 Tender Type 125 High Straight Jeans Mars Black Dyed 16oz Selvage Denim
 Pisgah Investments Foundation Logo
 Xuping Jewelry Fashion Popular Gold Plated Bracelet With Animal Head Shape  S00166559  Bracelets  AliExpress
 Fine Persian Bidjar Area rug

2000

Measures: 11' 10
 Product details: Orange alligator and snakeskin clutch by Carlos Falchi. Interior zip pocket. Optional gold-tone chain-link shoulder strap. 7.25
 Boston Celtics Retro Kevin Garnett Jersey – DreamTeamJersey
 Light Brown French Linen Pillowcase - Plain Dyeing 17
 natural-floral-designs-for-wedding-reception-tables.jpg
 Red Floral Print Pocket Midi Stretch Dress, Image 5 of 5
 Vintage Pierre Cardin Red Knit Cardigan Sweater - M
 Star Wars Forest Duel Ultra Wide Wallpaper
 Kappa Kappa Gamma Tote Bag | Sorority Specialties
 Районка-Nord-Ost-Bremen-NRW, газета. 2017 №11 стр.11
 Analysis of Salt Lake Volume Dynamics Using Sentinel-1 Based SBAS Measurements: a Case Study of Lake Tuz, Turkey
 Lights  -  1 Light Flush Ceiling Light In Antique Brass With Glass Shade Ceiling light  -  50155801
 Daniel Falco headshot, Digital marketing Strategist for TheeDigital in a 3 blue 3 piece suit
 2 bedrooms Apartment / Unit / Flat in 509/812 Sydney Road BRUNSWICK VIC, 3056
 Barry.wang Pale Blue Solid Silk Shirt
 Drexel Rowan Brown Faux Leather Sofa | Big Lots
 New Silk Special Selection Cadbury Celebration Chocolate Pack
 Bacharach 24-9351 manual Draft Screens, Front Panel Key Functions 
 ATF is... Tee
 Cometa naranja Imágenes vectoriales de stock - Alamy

EXERCISE GOAL »
Across these entries, count each line where the string "Brown" shows up. Give only the count.

EXERCISE RESPONSE »
2